■ **RECORD SET**:
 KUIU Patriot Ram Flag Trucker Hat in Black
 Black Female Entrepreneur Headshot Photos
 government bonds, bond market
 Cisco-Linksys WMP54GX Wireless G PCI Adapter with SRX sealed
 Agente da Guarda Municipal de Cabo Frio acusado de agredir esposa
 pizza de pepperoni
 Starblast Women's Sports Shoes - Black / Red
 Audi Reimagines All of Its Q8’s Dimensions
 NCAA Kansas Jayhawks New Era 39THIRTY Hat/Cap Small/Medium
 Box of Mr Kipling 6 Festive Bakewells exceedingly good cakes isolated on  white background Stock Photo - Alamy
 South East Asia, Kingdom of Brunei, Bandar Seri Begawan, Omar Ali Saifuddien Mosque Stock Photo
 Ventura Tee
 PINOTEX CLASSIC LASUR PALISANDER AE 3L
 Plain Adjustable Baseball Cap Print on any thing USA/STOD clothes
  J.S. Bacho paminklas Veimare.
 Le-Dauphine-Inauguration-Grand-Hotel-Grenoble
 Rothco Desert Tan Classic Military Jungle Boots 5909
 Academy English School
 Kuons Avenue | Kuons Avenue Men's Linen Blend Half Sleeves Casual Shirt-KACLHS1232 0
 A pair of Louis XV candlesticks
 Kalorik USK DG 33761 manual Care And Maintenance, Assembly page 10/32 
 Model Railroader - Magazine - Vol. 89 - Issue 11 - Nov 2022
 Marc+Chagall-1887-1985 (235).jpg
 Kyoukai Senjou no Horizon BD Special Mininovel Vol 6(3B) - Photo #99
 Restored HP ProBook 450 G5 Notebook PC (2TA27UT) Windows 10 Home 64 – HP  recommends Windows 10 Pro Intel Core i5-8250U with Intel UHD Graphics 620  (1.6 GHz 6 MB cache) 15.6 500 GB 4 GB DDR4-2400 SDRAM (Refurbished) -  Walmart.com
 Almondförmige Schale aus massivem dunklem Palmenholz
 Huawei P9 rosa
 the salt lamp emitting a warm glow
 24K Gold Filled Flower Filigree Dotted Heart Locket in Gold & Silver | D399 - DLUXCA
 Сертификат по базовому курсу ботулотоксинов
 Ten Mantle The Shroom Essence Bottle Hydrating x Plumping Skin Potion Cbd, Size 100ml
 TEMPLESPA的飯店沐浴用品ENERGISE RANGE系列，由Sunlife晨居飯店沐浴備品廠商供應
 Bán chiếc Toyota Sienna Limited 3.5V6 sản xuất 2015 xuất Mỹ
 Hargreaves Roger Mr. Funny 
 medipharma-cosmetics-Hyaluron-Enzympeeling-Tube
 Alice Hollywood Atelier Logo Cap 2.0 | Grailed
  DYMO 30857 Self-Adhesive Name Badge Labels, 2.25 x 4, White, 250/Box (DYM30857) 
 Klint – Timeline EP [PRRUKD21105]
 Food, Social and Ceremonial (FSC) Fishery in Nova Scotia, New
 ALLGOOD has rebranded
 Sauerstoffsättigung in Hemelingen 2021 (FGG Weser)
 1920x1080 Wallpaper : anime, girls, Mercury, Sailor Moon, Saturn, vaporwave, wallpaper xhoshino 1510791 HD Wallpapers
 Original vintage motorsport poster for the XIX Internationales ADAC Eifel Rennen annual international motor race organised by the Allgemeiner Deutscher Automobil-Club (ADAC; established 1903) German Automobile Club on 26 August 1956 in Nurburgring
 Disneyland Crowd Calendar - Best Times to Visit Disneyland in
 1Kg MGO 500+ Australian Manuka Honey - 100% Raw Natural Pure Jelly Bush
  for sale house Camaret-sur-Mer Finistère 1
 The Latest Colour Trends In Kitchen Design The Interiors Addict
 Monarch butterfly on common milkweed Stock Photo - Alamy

■ **PROMPT**:
Word for word, output the lines of the data from its first line through the line where "A pair of Louis XV candlesticks" appears, and stop there.

■ **WORKED SOLUTION**:
 KUIU Patriot Ram Flag Trucker Hat in Black
 Black Female Entrepreneur Headshot Photos
 government bonds, bond market
 Cisco-Linksys WMP54GX Wireless G PCI Adapter with SRX sealed
 Agente da Guarda Municipal de Cabo Frio acusado de agredir esposa
 pizza de pepperoni
 Starblast Women's Sports Shoes - Black / Red
 Audi Reimagines All of Its Q8’s Dimensions
 NCAA Kansas Jayhawks New Era 39THIRTY Hat/Cap Small/Medium
 Box of Mr Kipling 6 Festive Bakewells exceedingly good cakes isolated on  white background Stock Photo - Alamy
 South East Asia, Kingdom of Brunei, Bandar Seri Begawan, Omar Ali Saifuddien Mosque Stock Photo
 Ventura Tee
 PINOTEX CLASSIC LASUR PALISANDER AE 3L
 Plain Adjustable Baseball Cap Print on any thing USA/STOD clothes
  J.S. Bacho paminklas Veimare.
 Le-Dauphine-Inauguration-Grand-Hotel-Grenoble
 Rothco Desert Tan Classic Military Jungle Boots 5909
 Academy English School
 Kuons Avenue | Kuons Avenue Men's Linen Blend Half Sleeves Casual Shirt-KACLHS1232 0
 A pair of Louis XV candlesticks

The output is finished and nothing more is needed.